> _PROBLEM_: The reply should contain the full listing exactly as written and no pictures at all.

> _SOURCE RECORDS_:
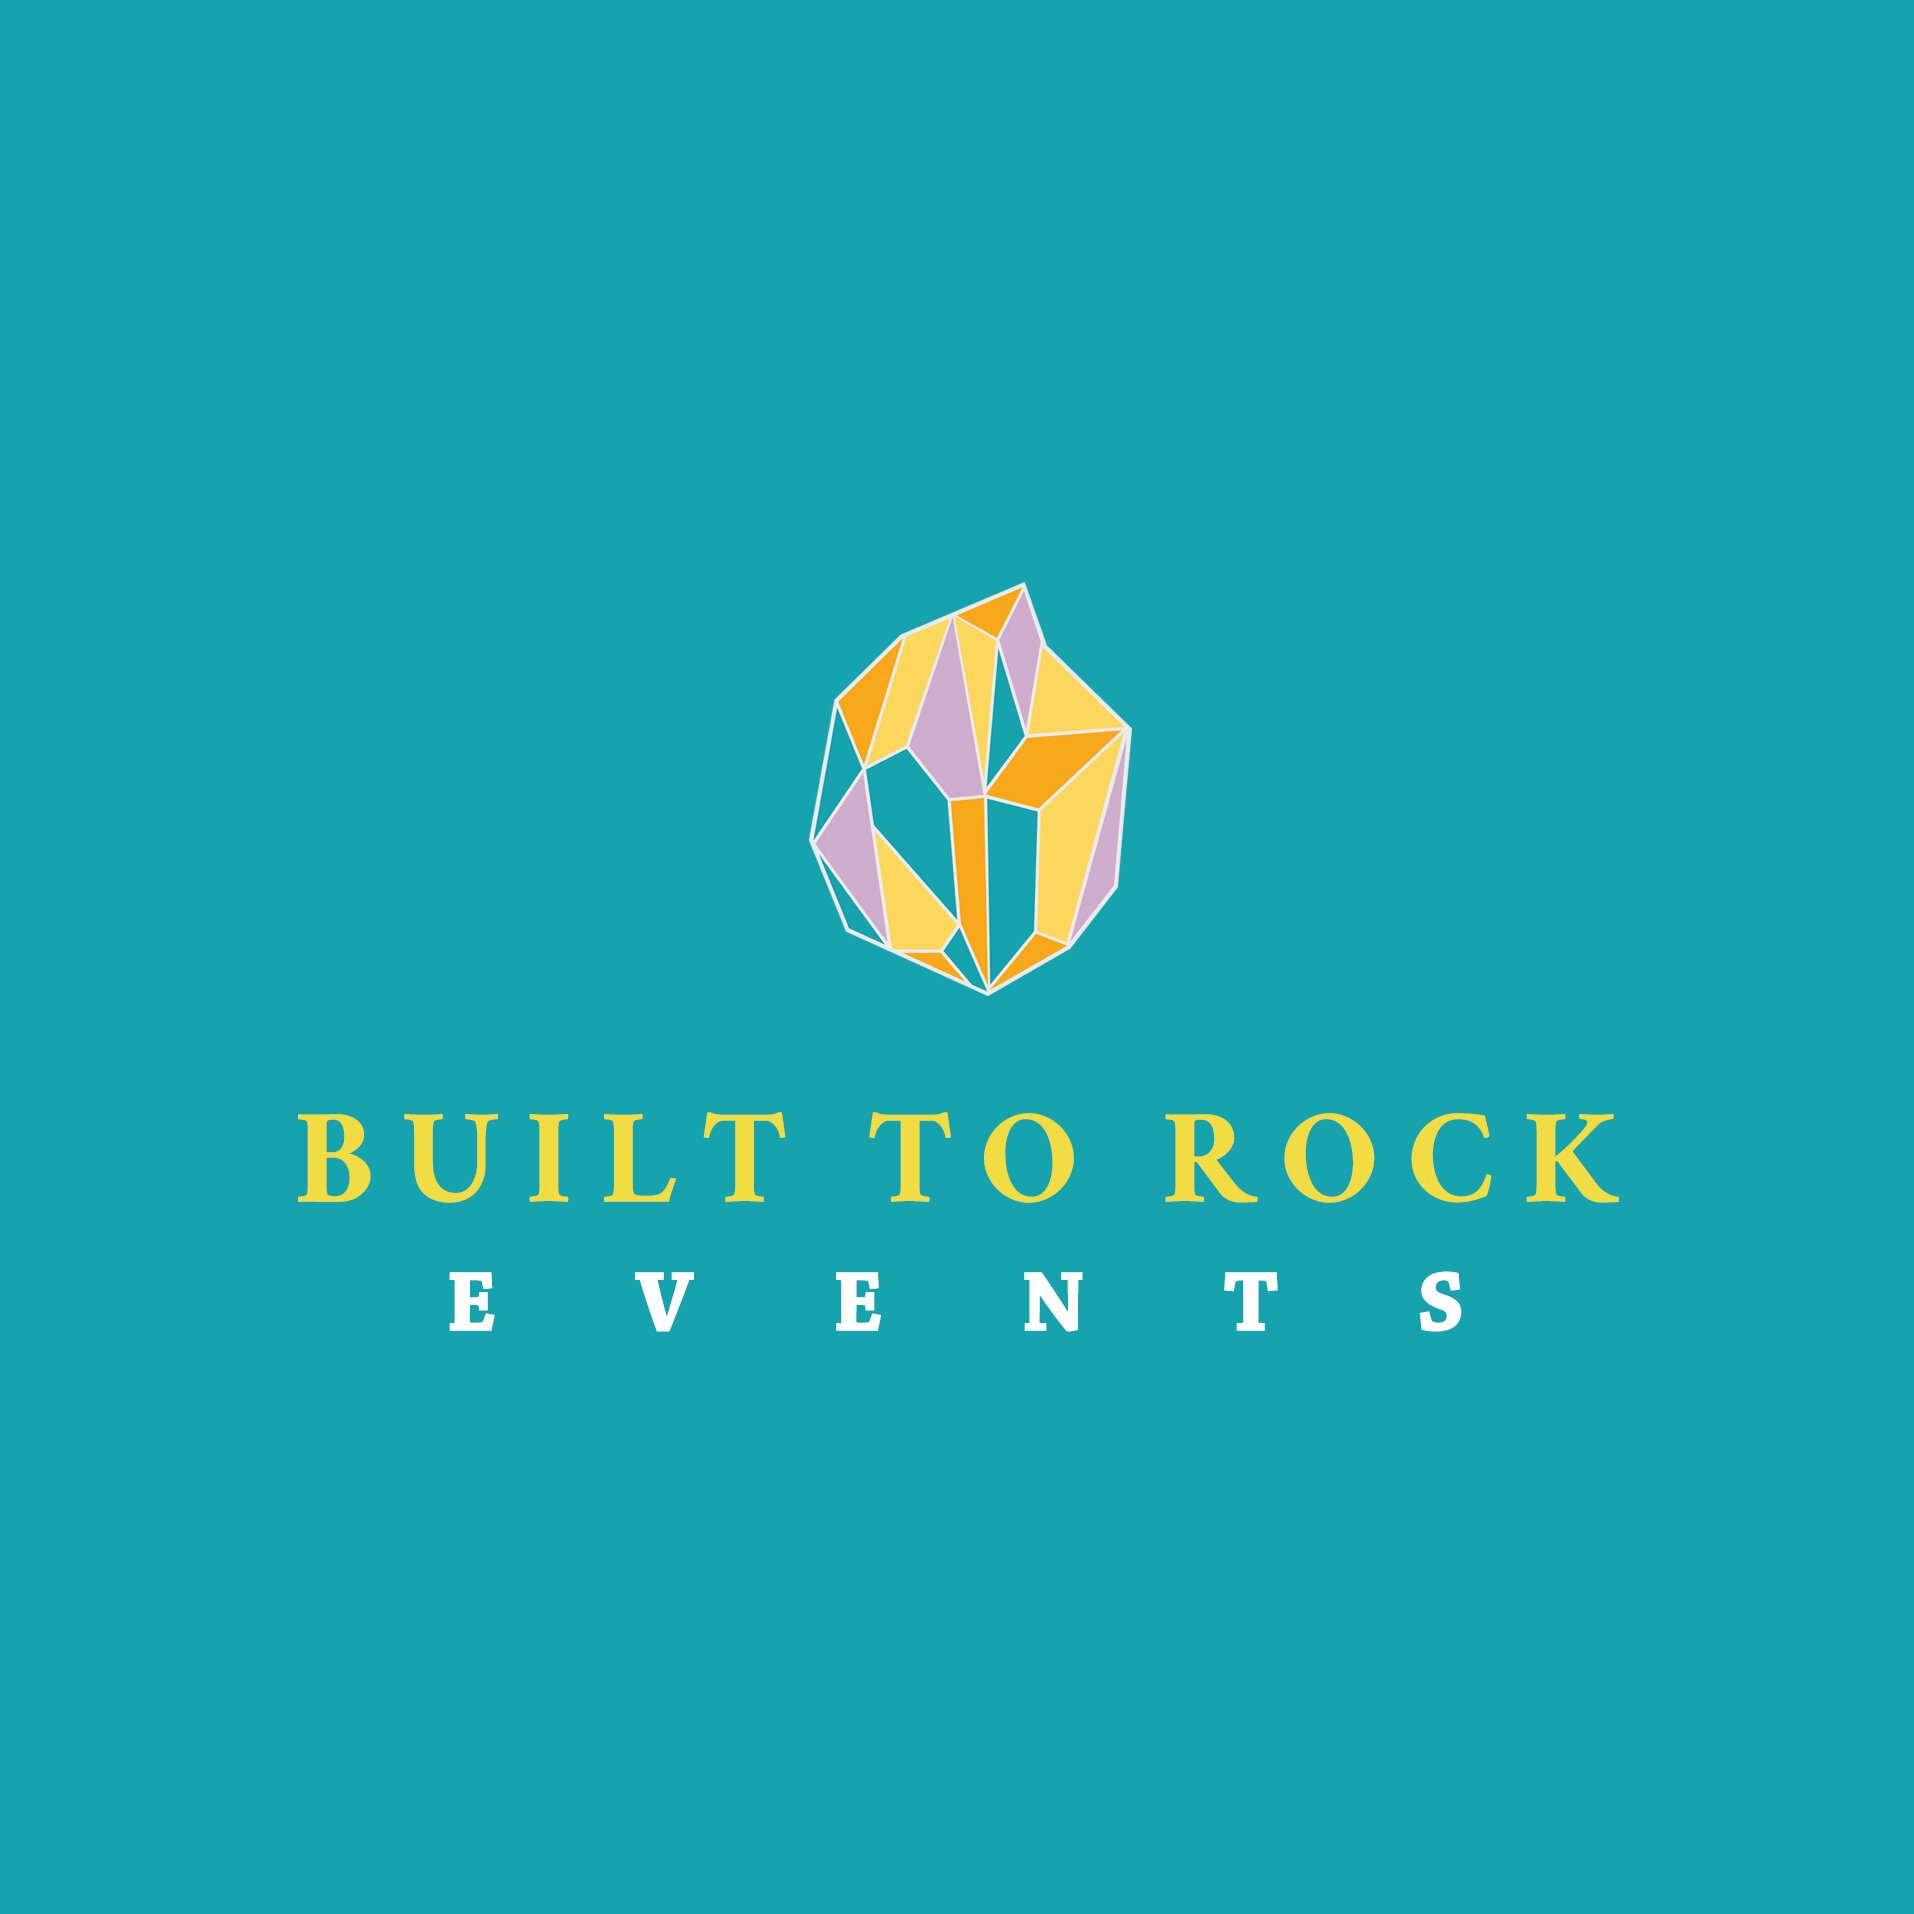 Built to Rock Events
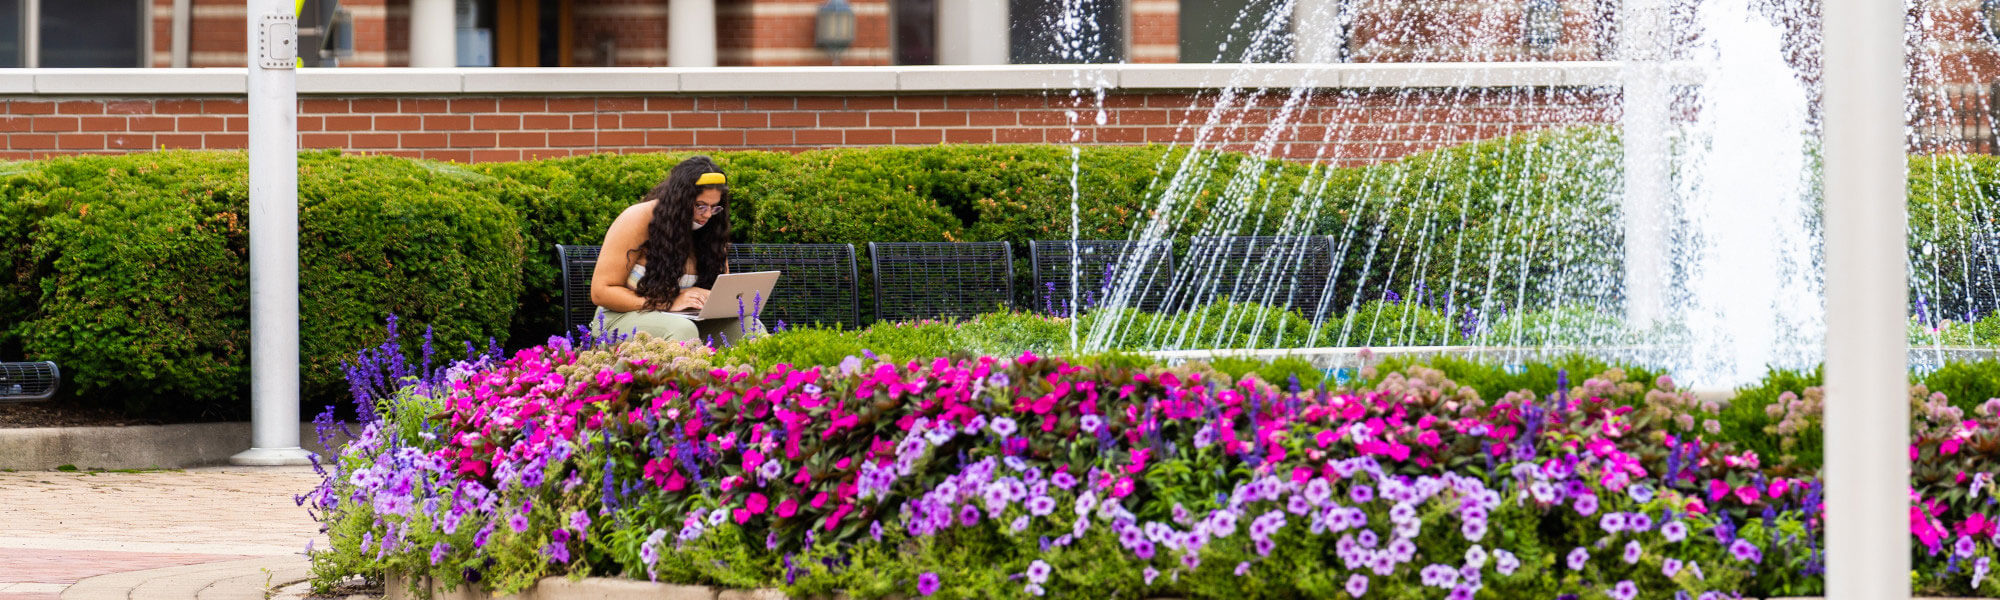 Student studying outdoors.
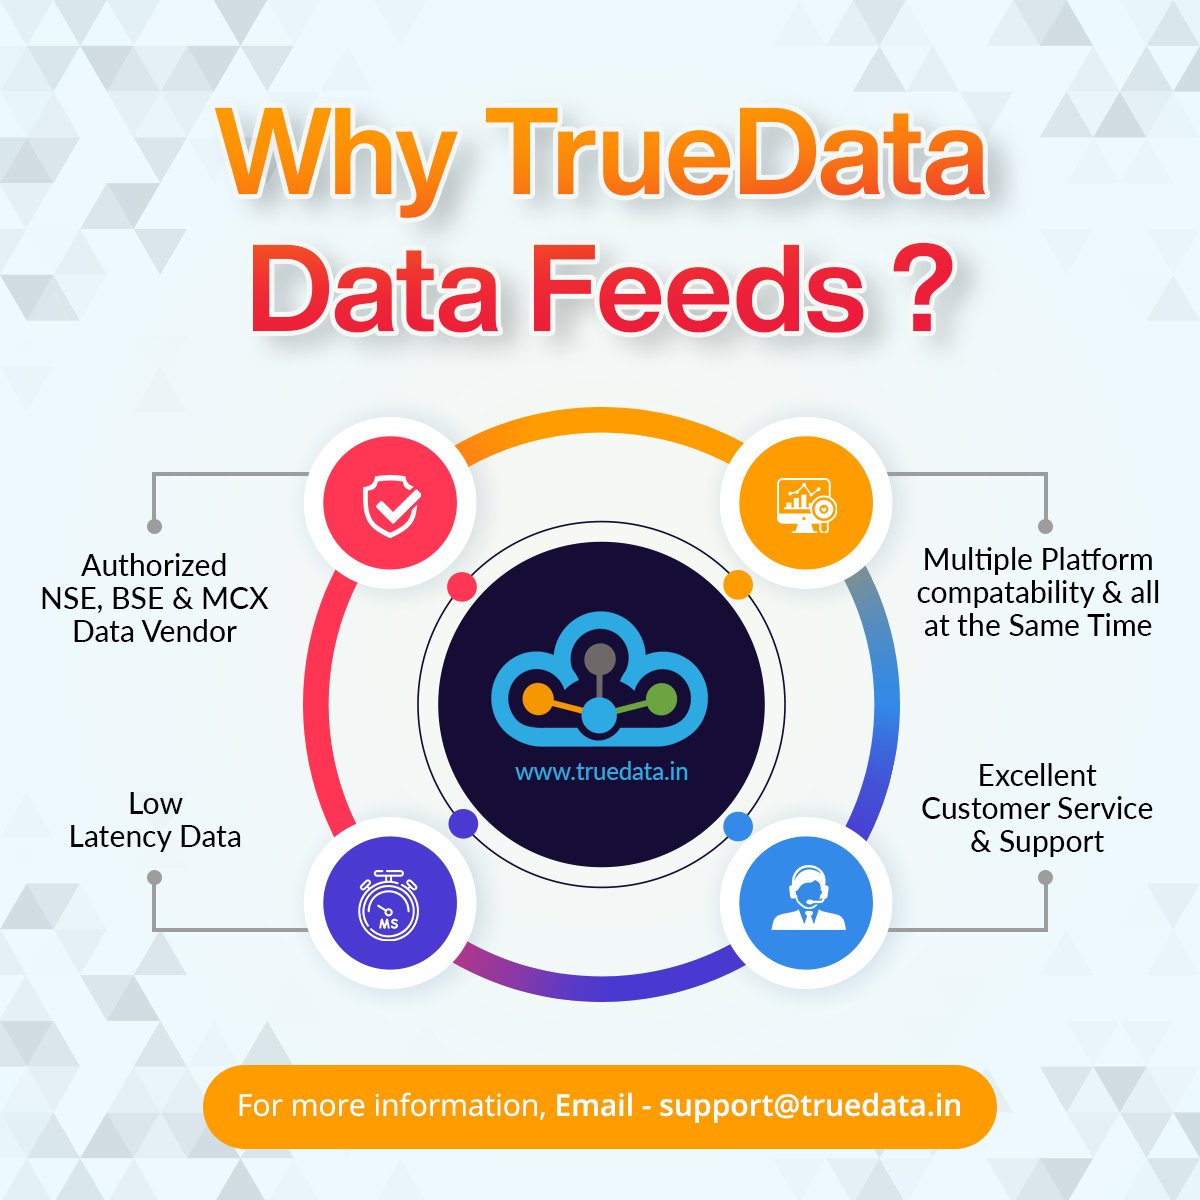 🔥📣 Why TrueData Datafeeds?
💁‍♂️ Authorized NSE, BSE & MCX Data Vendor
💁‍♂️ Technical Analysis & Charting Platforms including Bookmap

For more information visit: truedata.in

#TrueData #optiondecoder #velocity #AnalysisSoftware #stockmarket #trader #investing
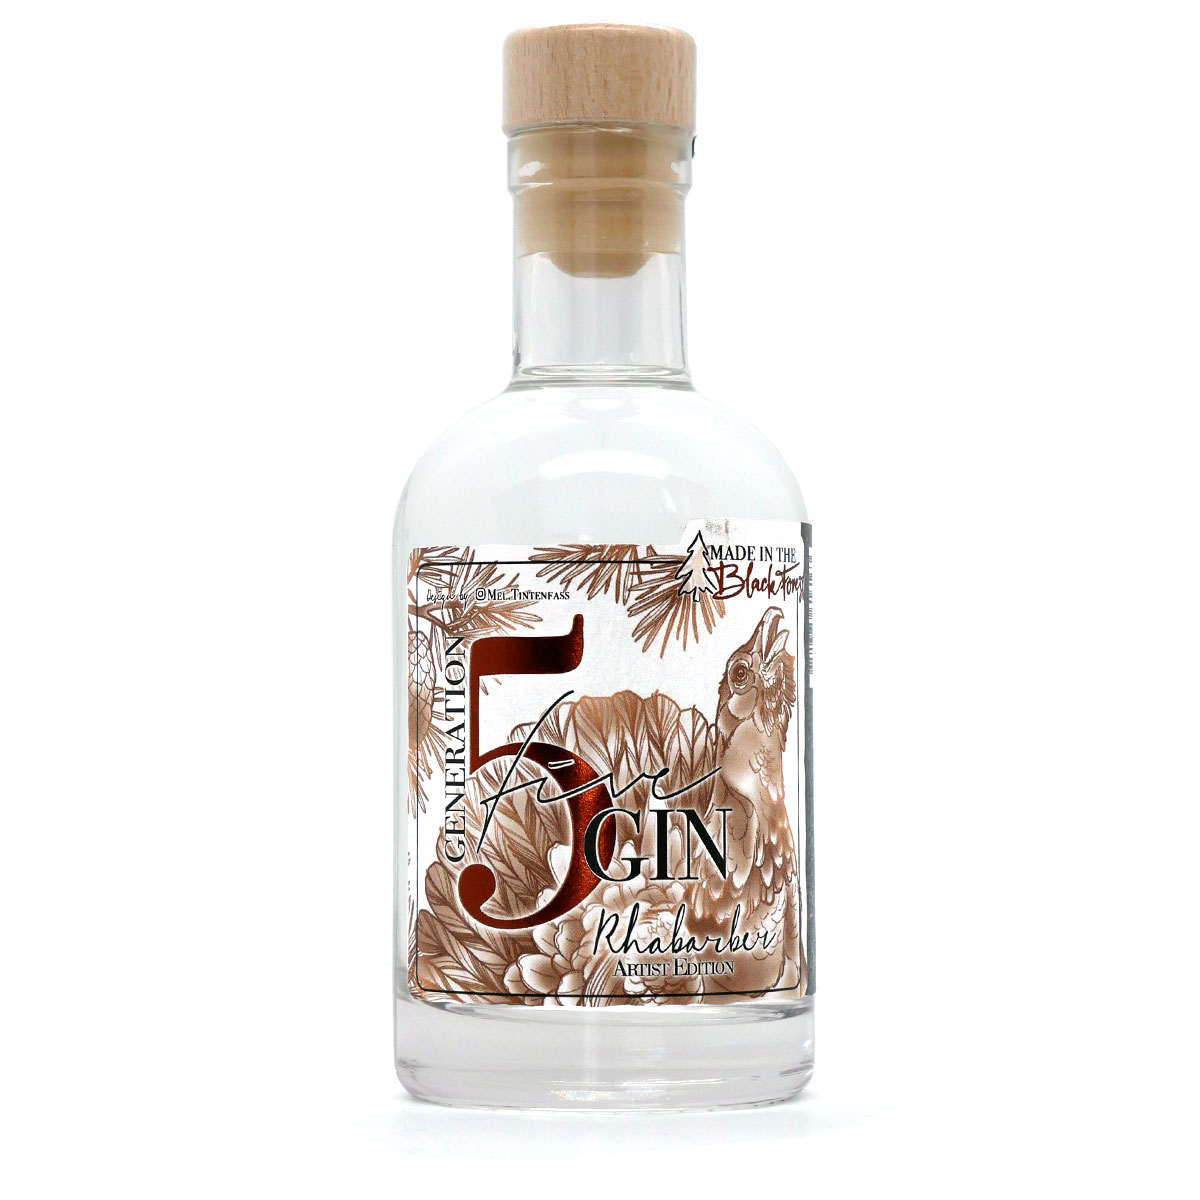 Black 5 BARREL Gin Gin - Forest The Generation
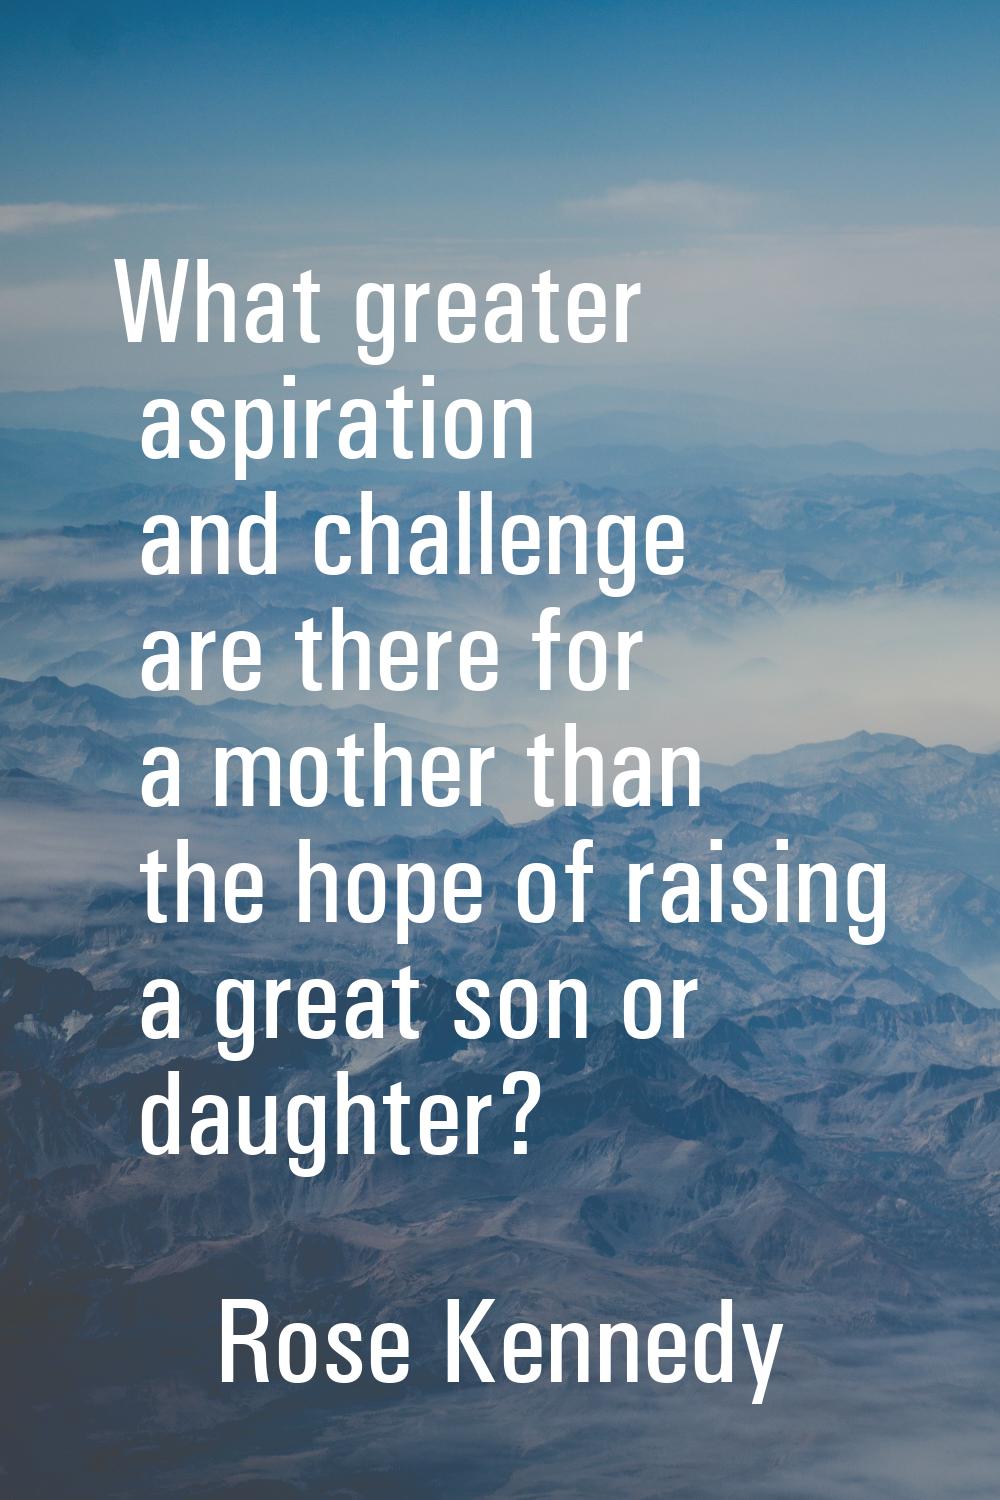 What greater aspiration and challenge are there for a mother than the hope of raising a great son o

> _SOLVED PROBLEM_:
 Built to Rock Events
 Student studying outdoors.
 🔥📣 Why TrueData Datafeeds?
💁‍♂️ Authorized NSE, BSE & MCX Data Vendor
💁‍♂️ Technical Analysis & Charting Platforms including Bookmap

For more information visit: truedata.in

#TrueData #optiondecoder #velocity #AnalysisSoftware #stockmarket #trader #investing
 Black 5 BARREL Gin Gin - Forest The Generation
 What greater aspiration and challenge are there for a mother than the hope of raising a great son o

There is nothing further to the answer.